DATA
———

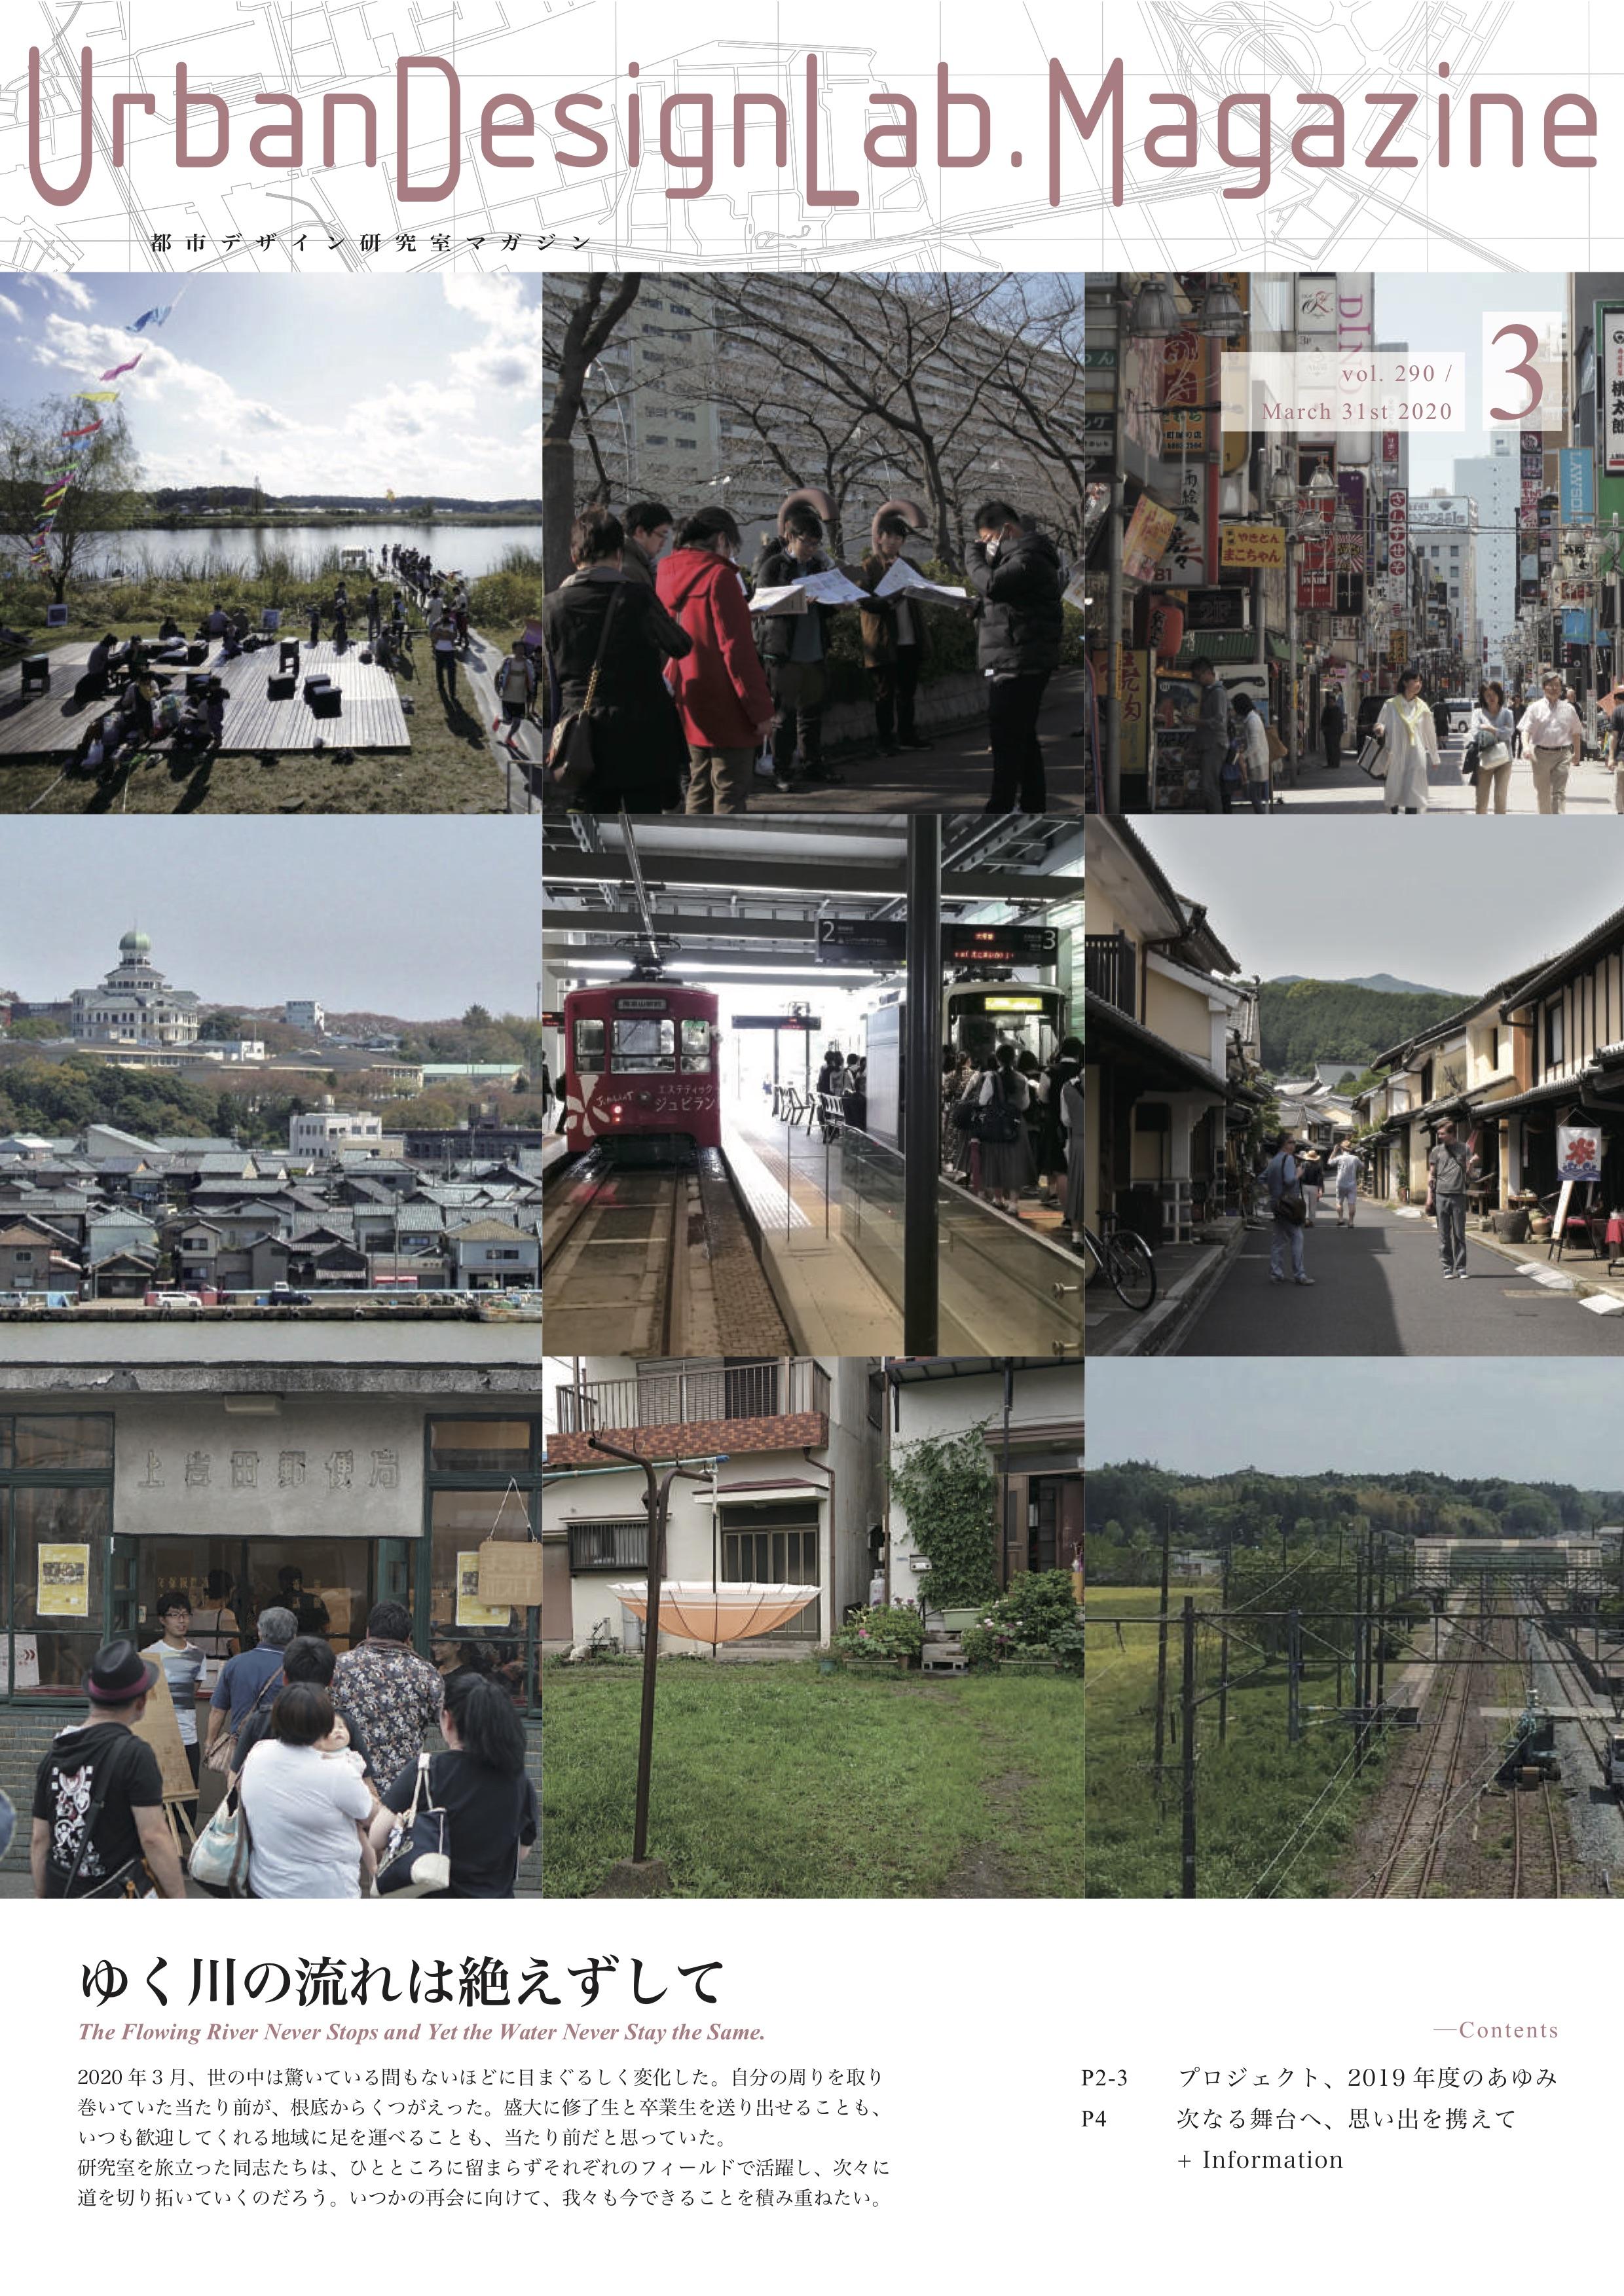 http://ud.t.u-tokyo.ac.jp/blog/_images/vol.290.jpg
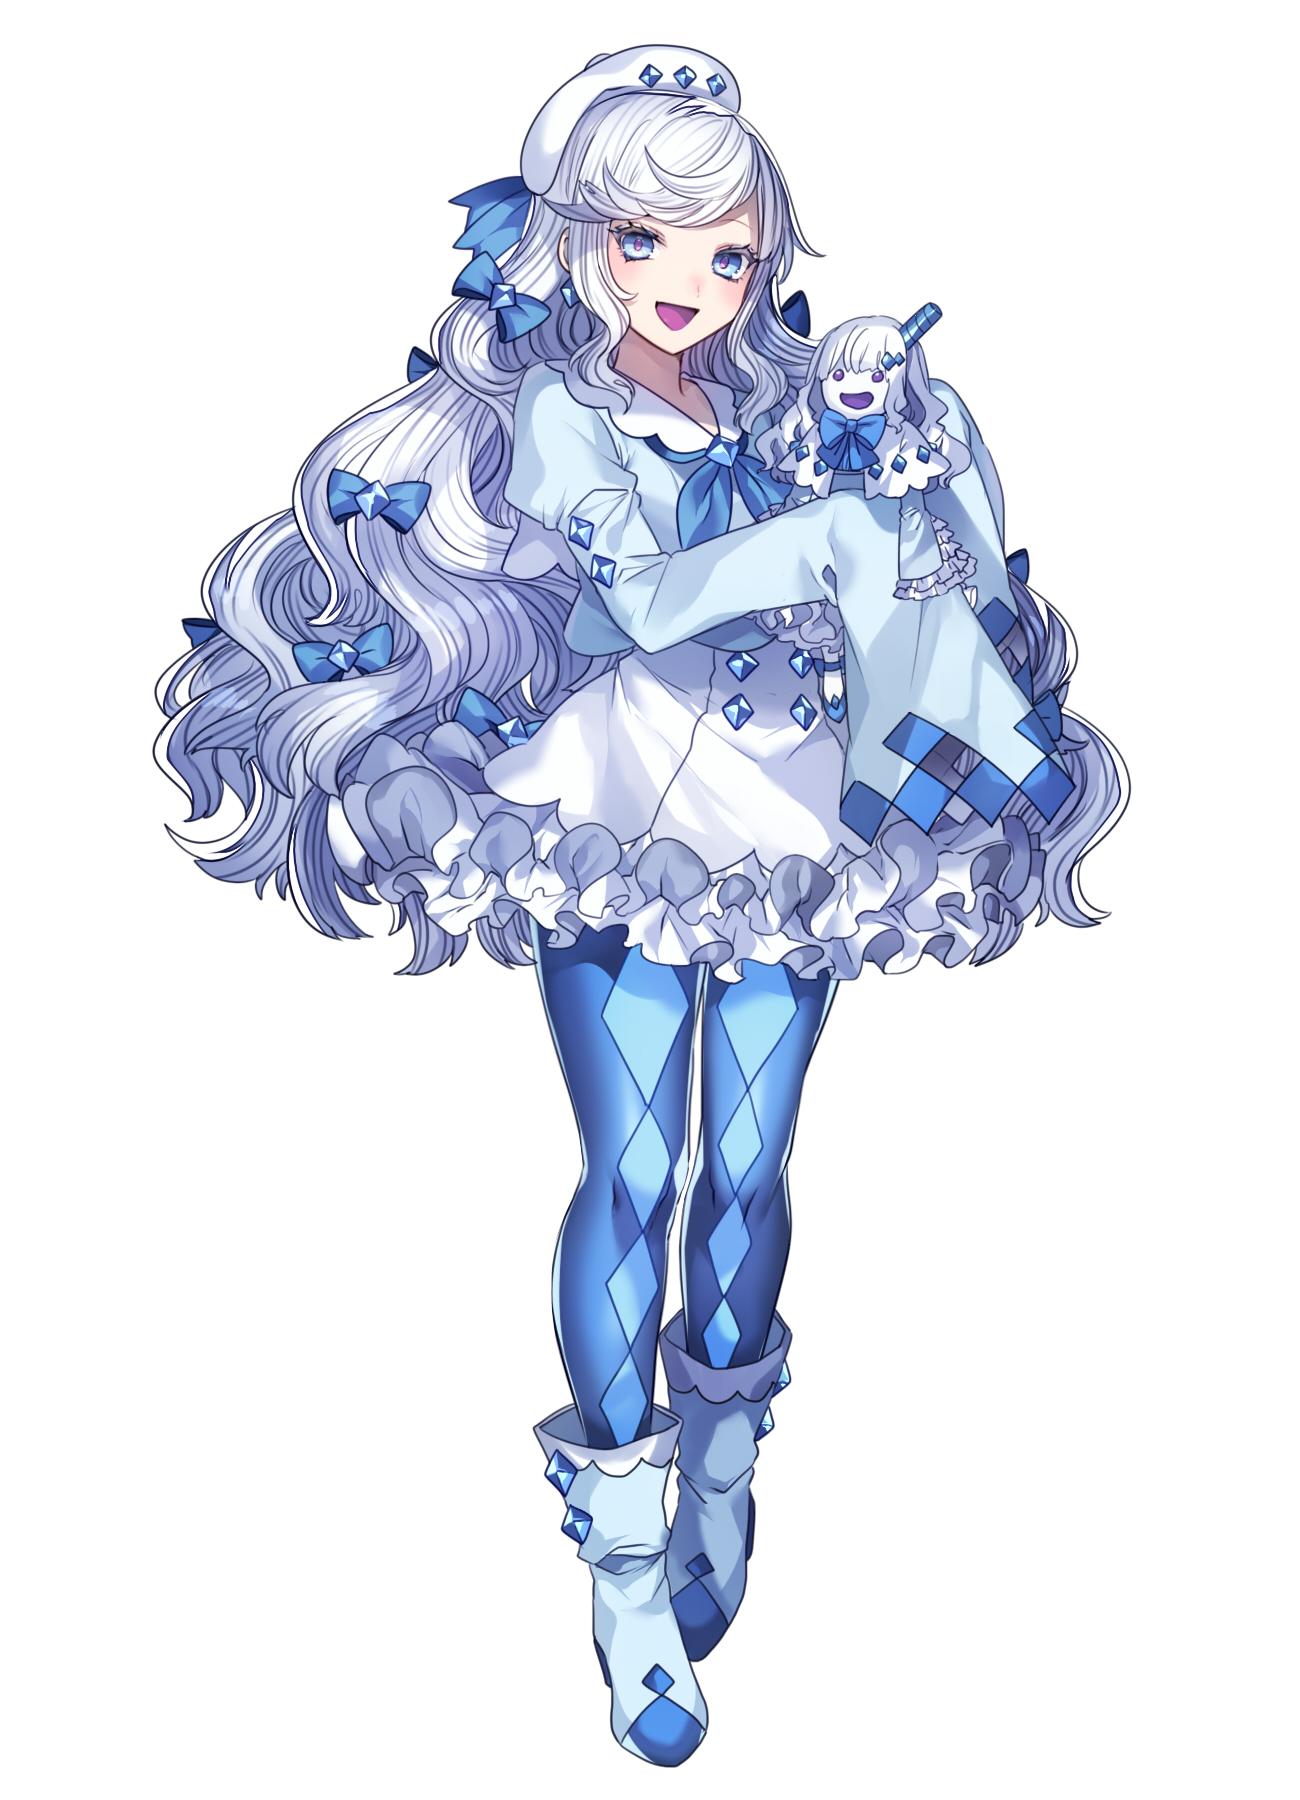 Vanilluxe   Pokmon   Mobile Wallpaper 2041708   Zerochan Anime 1300x1800
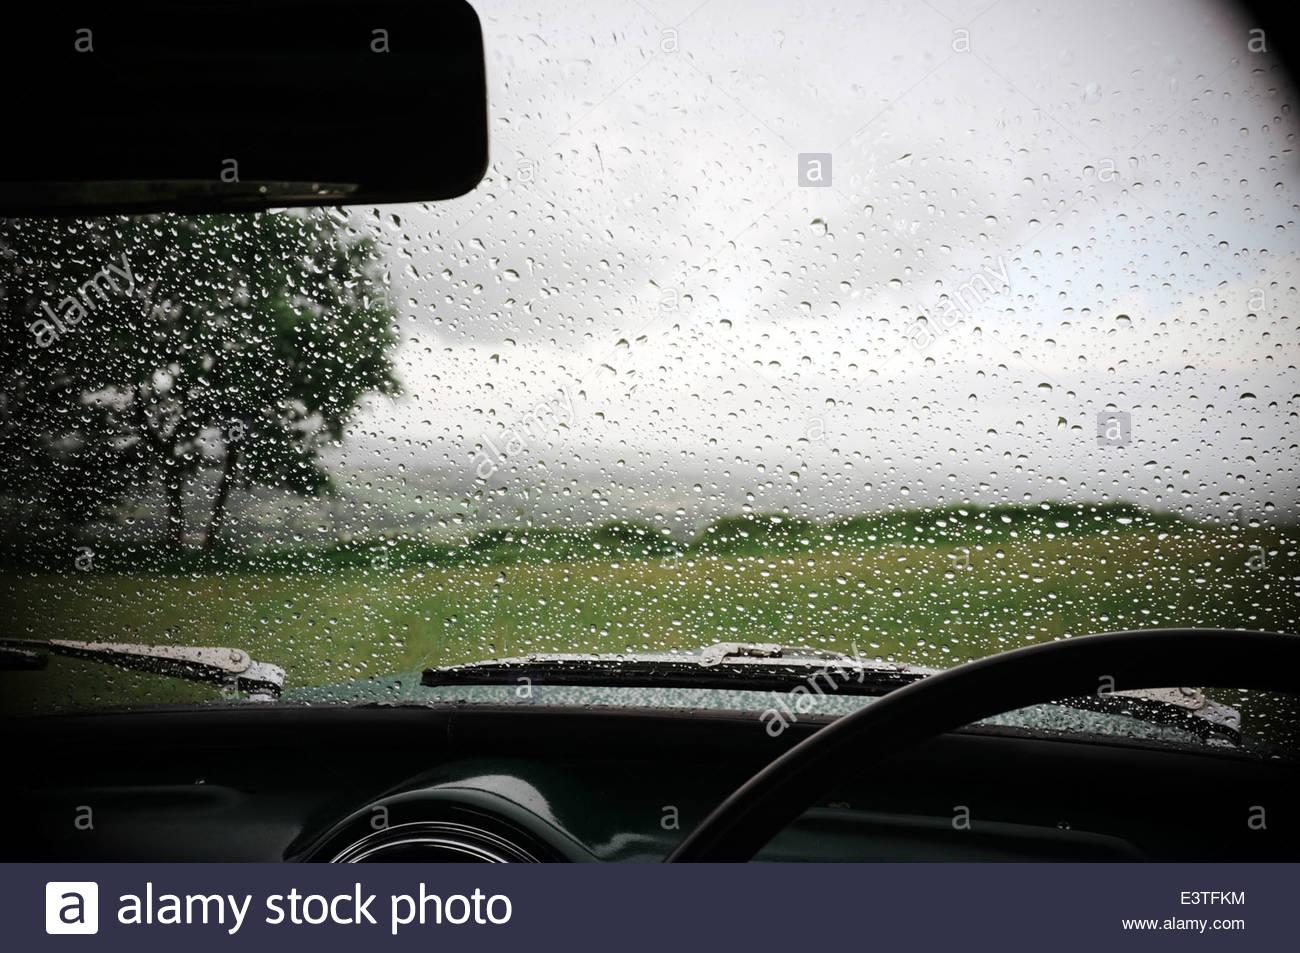 Rain On Car Window Stock Photos & Rain On Car Window Stock
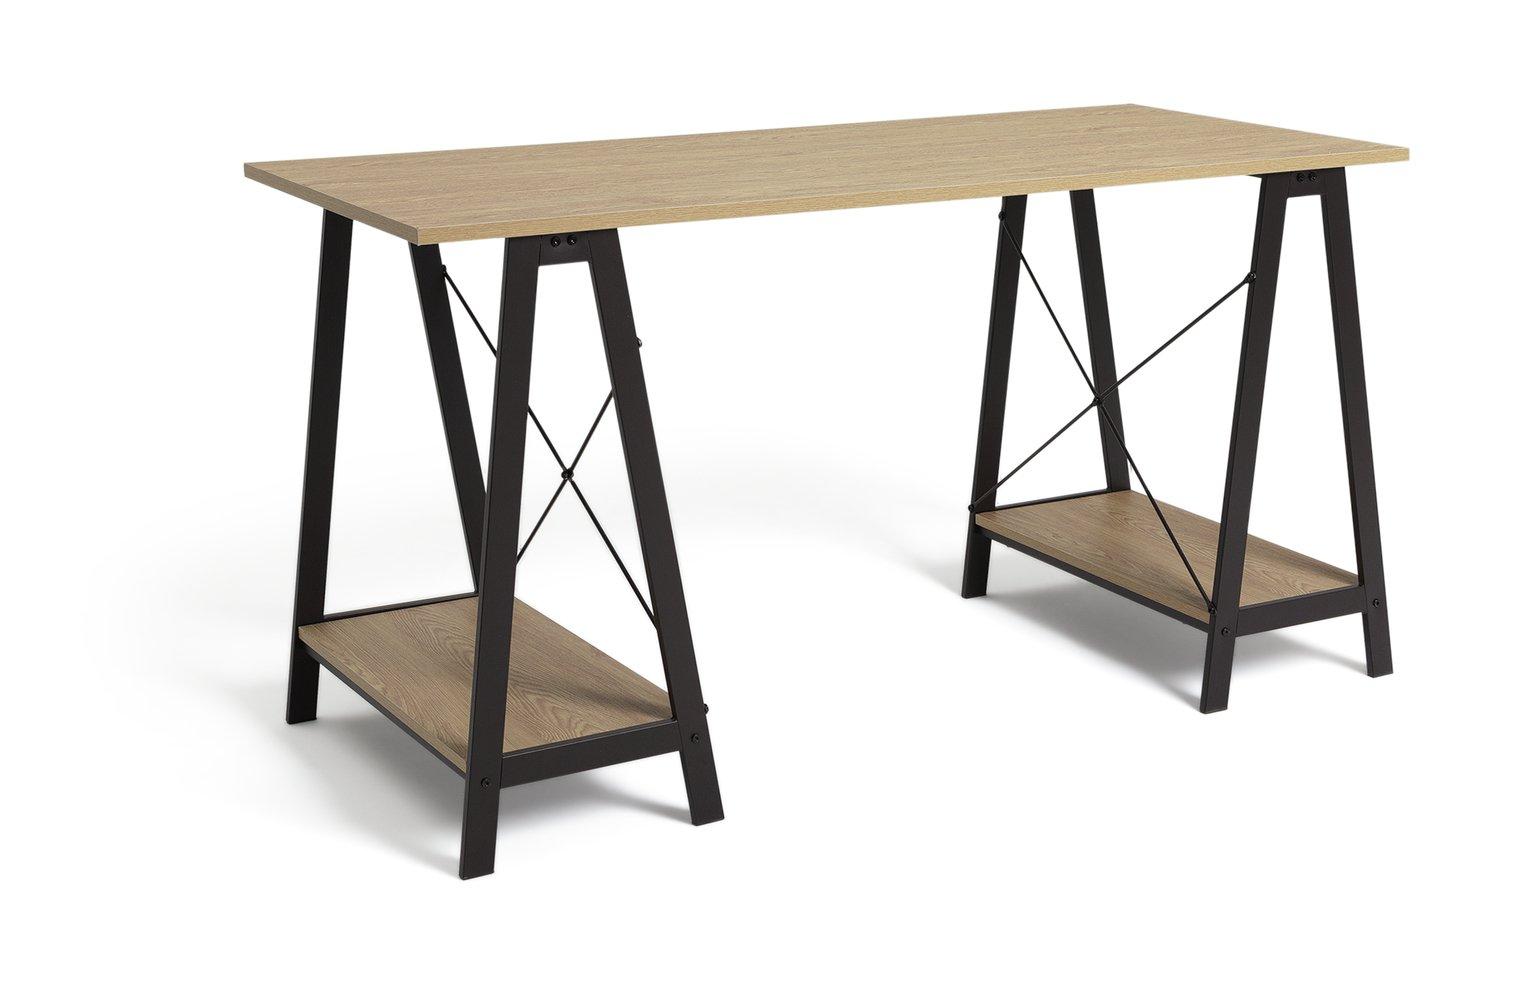 buy home large trestle table desk at argos.co.uk - your online shop

———

EXERCISE DETAILS
Your task is an exact transcription of all the data, minus the pictures.

EXERCISE SOLUTION
 http://ud.t.u-tokyo.ac.jp/blog/_images/vol.290.jpg
 Vanilluxe   Pokmon   Mobile Wallpaper 2041708   Zerochan Anime 1300x1800
 Rain On Car Window Stock Photos & Rain On Car Window Stock
 buy home large trestle table desk at argos.co.uk - your online shop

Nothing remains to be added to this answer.